Begin at the line containing "hoianricefieldplanted.jpg" and copy exactly through the last line of the listing, skipping every picture.

(Beginning of AVAILABLE DATA)

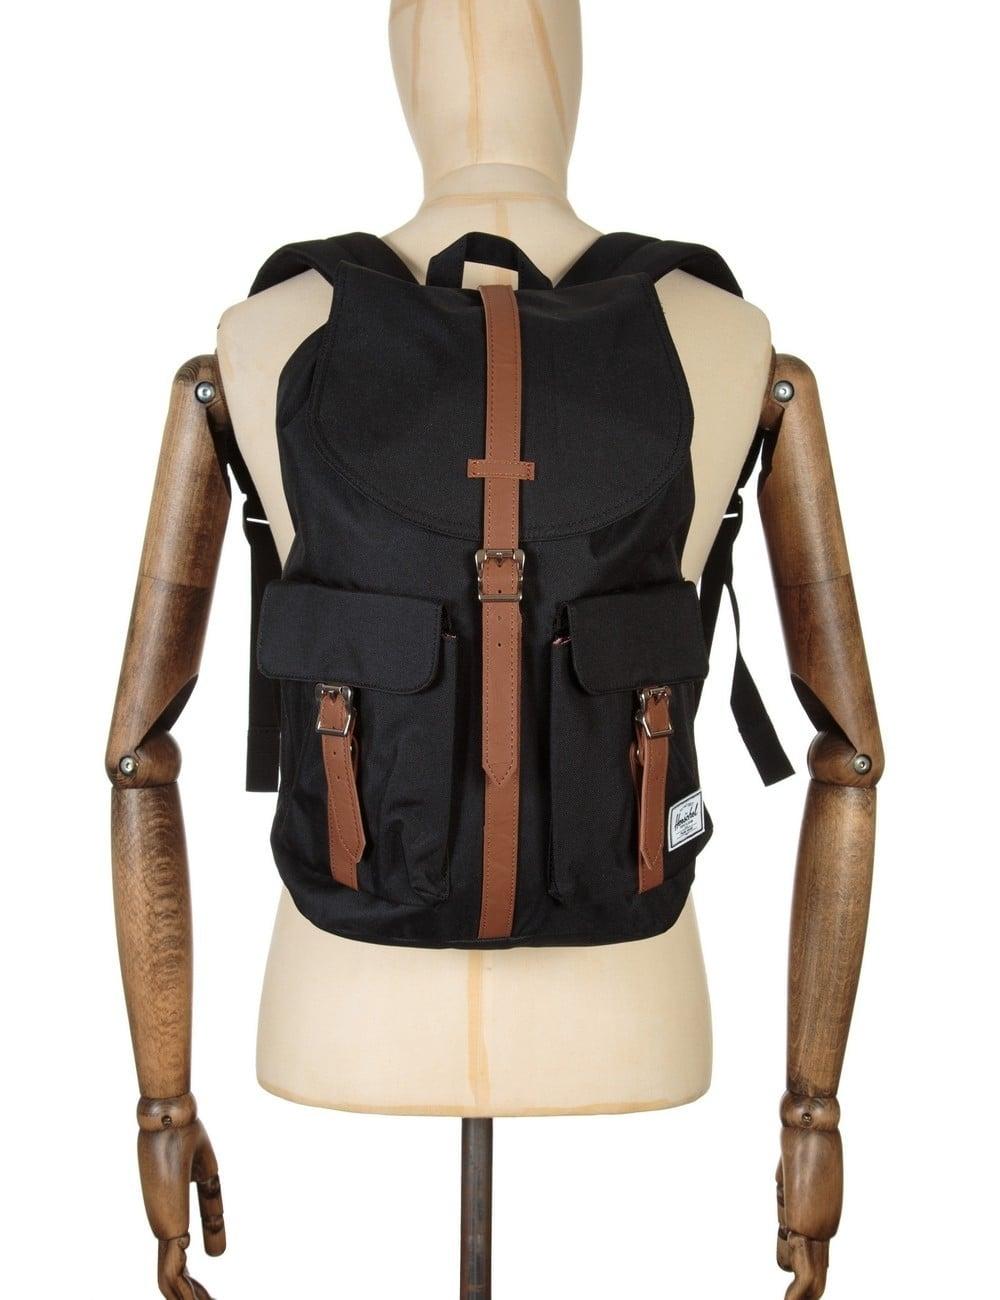 Herschel Supply Co Dawson 20.5L Backpack - Black Tan - Accessories ... bd63834e27745
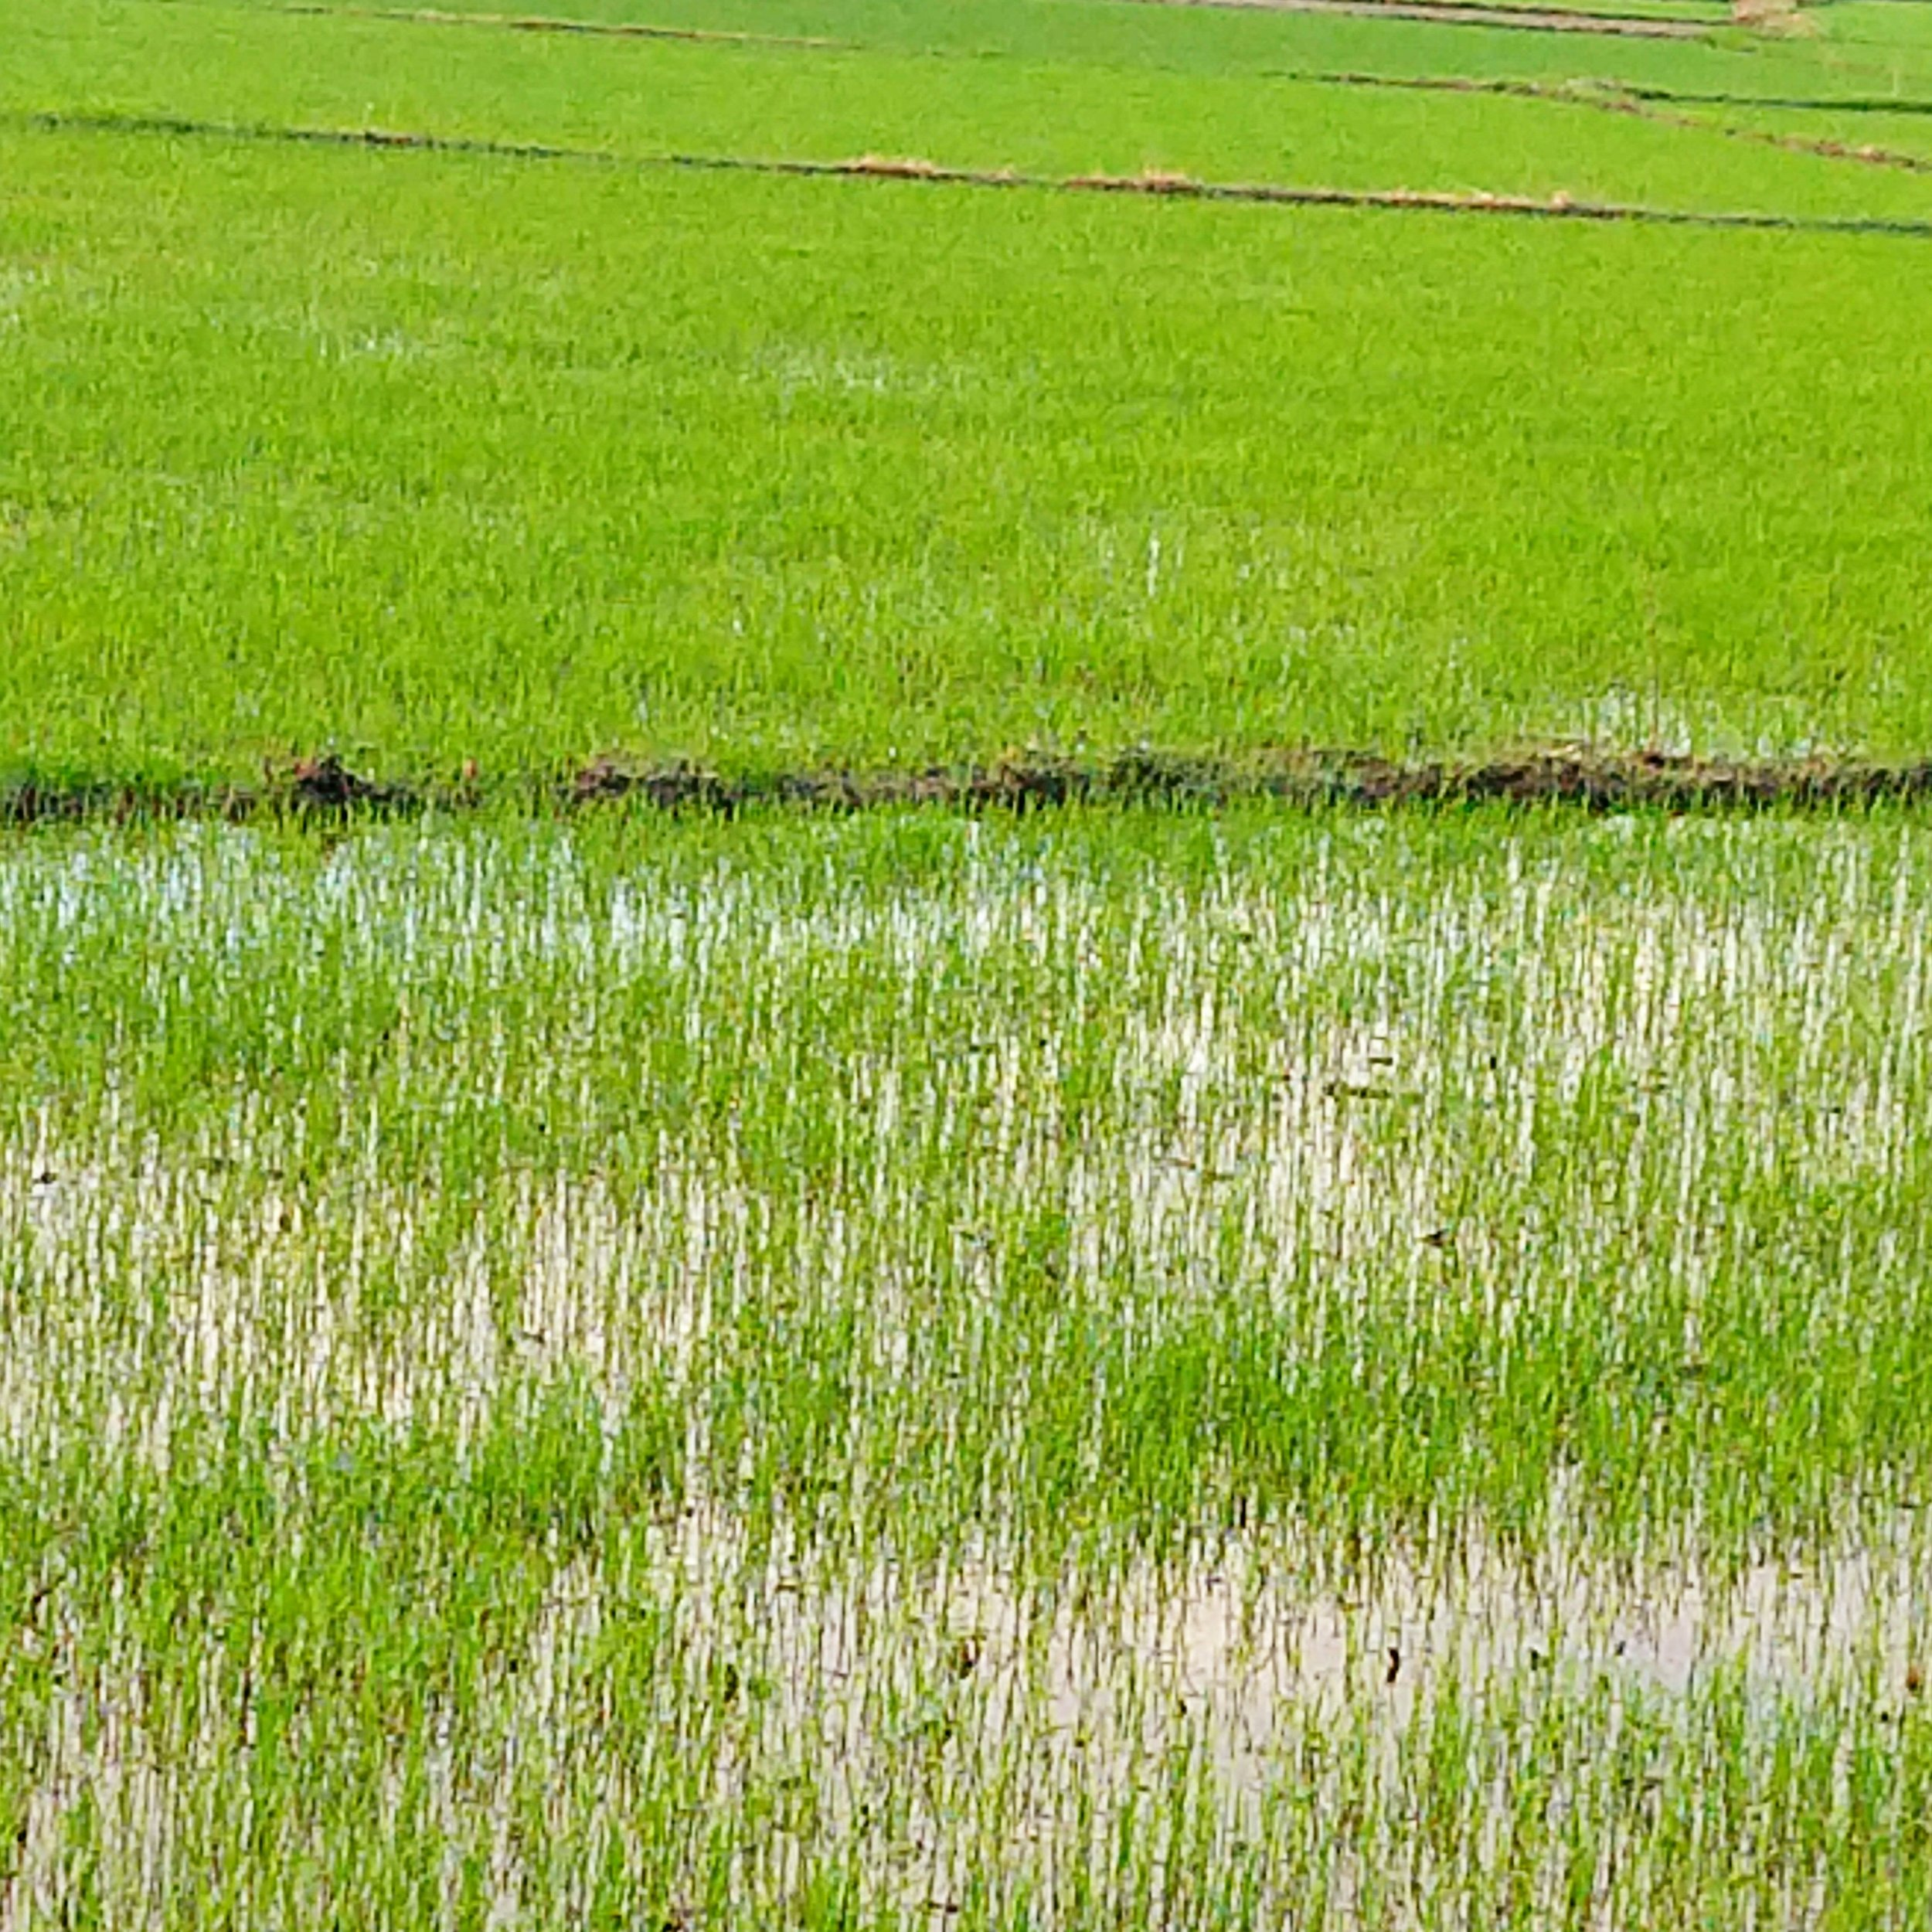 hoianricefieldplanted.jpg
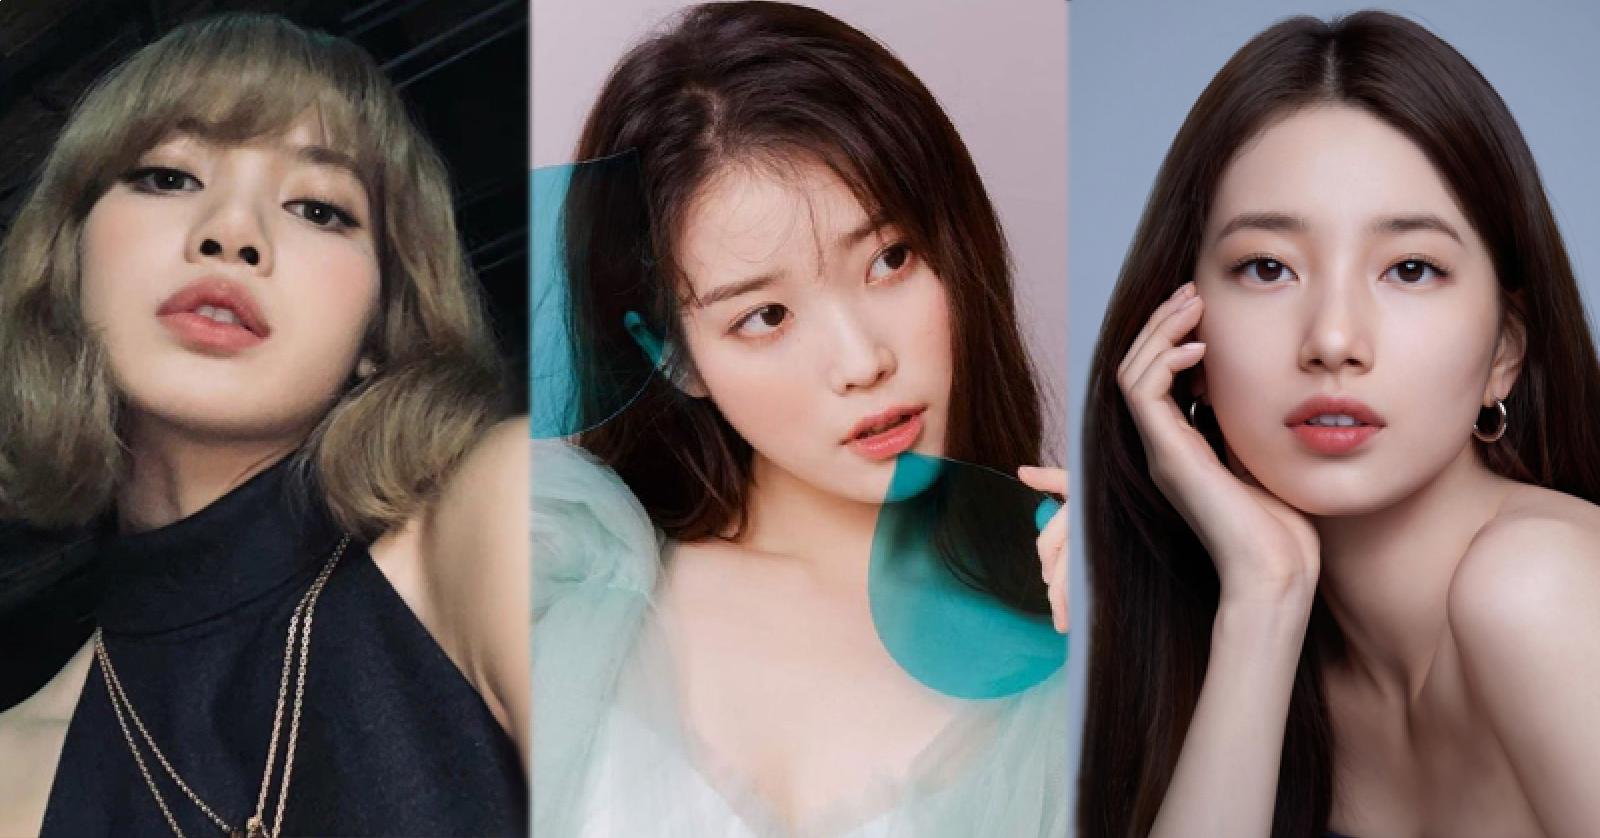 7 Richest Female K-Pop Idols According to Korean Media Outlet

(End of AVAILABLE DATA)

### ANSWER BOX
 hoianricefieldplanted.jpg
 7 Richest Female K-Pop Idols According to Korean Media Outlet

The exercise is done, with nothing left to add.